This error is harmless, however, because the ALJ also cited medical evidence that is meaningfully inconsistent with Plaintiff's alleged need to recline, specifically the findings from the May 2018 consultative examination where Plaintiff was observed to have normal gait, the ability to toe and heel walk, full strength in all extremities, and negative straight leg raise testing. AR at 1773. The consultative examiner opined that based on these findings, Plaintiff was able to sit, walk, and stand for one hour at a time, each for four hours per workday. See id. at 1494-1505. This medical opinion thereby contradicts Plaintiff's allegations, and that contradiction constitutes a clear and convincing reason to discount Plaintiff's allegations. See Carmickle v. Comm'r of Social Sec. Admin., 533 F.3d 1155, 1161 (9th Cir. 2008) (“Contradiction with the medical record is a sufficient basis for rejecting the claimant's subjective testimony.”). Although Plaintiff contends that the ALJ cherry-picked these findings “to support his pre-conceived conclusions” (dkt. # 10 at 5), this argument is undercut by the testimony of the medical expert (“ME”), who reviewed the entire record and cited objective medical findings to support his testimony that Plaintiff could perform light work, while acknowledging Plaintiff's preference for reclining.

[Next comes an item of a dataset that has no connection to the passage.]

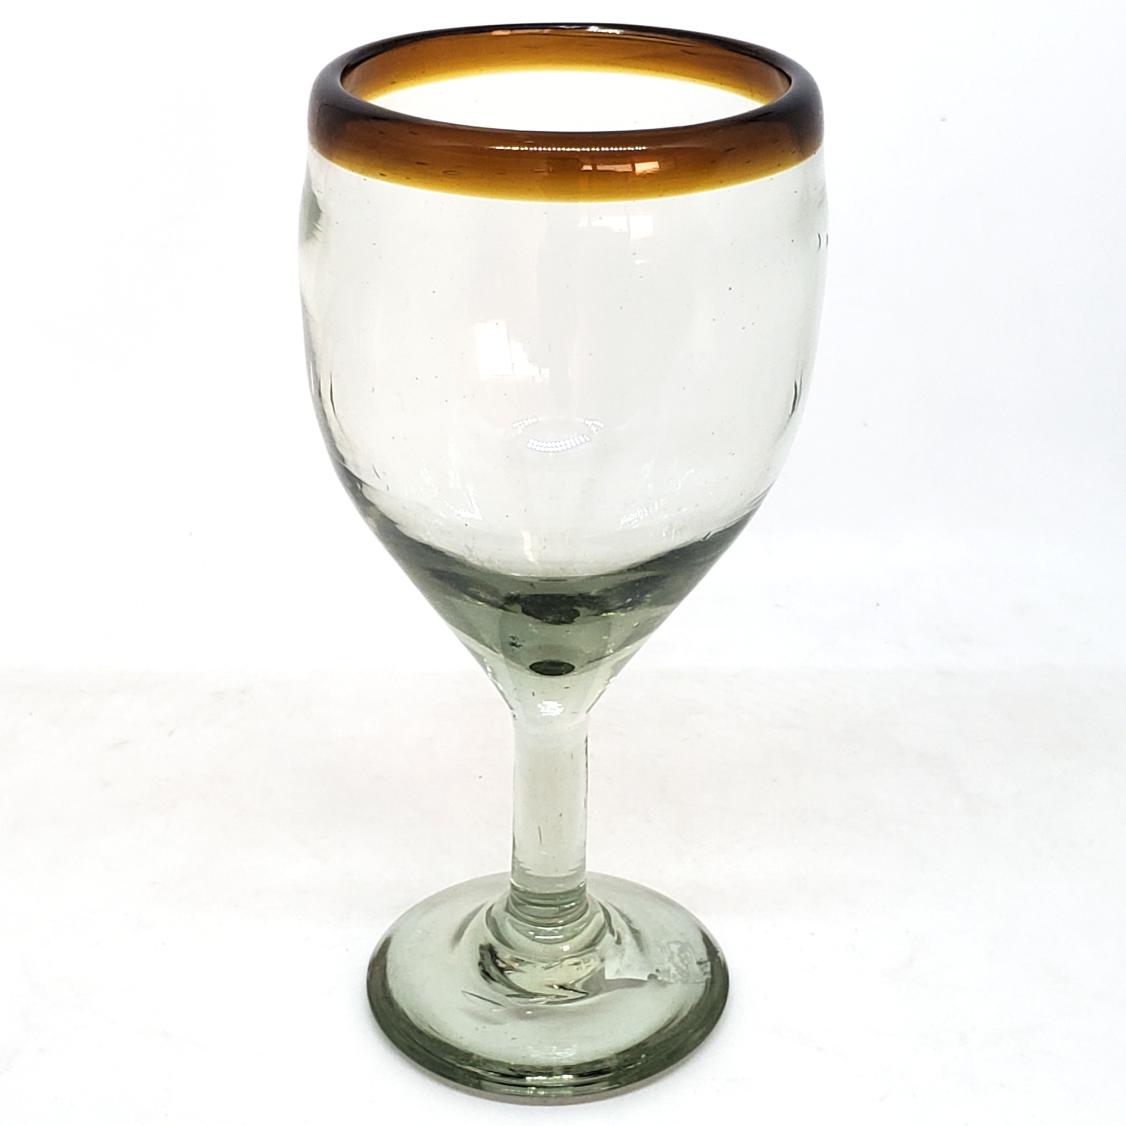 Sale Items / Amber Rim 13 oz Wine Glasses (set of 6) / Capture the bouquet of fine red wine with these wine glasses bordered with a bright, amber rim.

See AR at 73-86 (ME's testimony), 1775-76 (ALJ's discussion of ME testimony).

Because the ALJ cited evidence that contradicts Plaintiff's alleged need to recline for much or all of each day, the ALJ did not err in discounting that allegation.

2. Plaintiff's Need For an Assistive Device

The ALJ found that the record did not corroborate Plaintiff's alleged need for an assistive device until he was prescribed a walker in March 2019, and that any allegation that he used or required a cane before that time was corroborated only by Plaintiff's self-report (which was internally inconsistent) and was contradicted by his normal balance testing, negative straight leg raise testing, and full strength testing in his legs. AR at 1771-72. The ALJ found that, during the entire adjudicated period, Plaintiff did “not need an assistive device to walk.” Id. at 1772.

Plaintiff contends that the ALJ erred in finding that his need for an assistive device was not corroborated by the record, because the record contains many findings pertaining to Plaintiff's decreased lower extremity strength, sensory loss, and need for a cane. (Dkt. # 8 at 13.) Plaintiff also points to physical therapy notes from 2019 indicating that Plaintiff could only walk in five-minute intervals without an assistive device and needed a four-wheeled walker for longer periods of walking. (Id.) Moreover, Plaintiff's primary care physician prescribed an assistive device in March 2019, and Plaintiff argues that this prescription suggests that an assistive device was medically necessary at that time. (Dkt. # 10 at 6.)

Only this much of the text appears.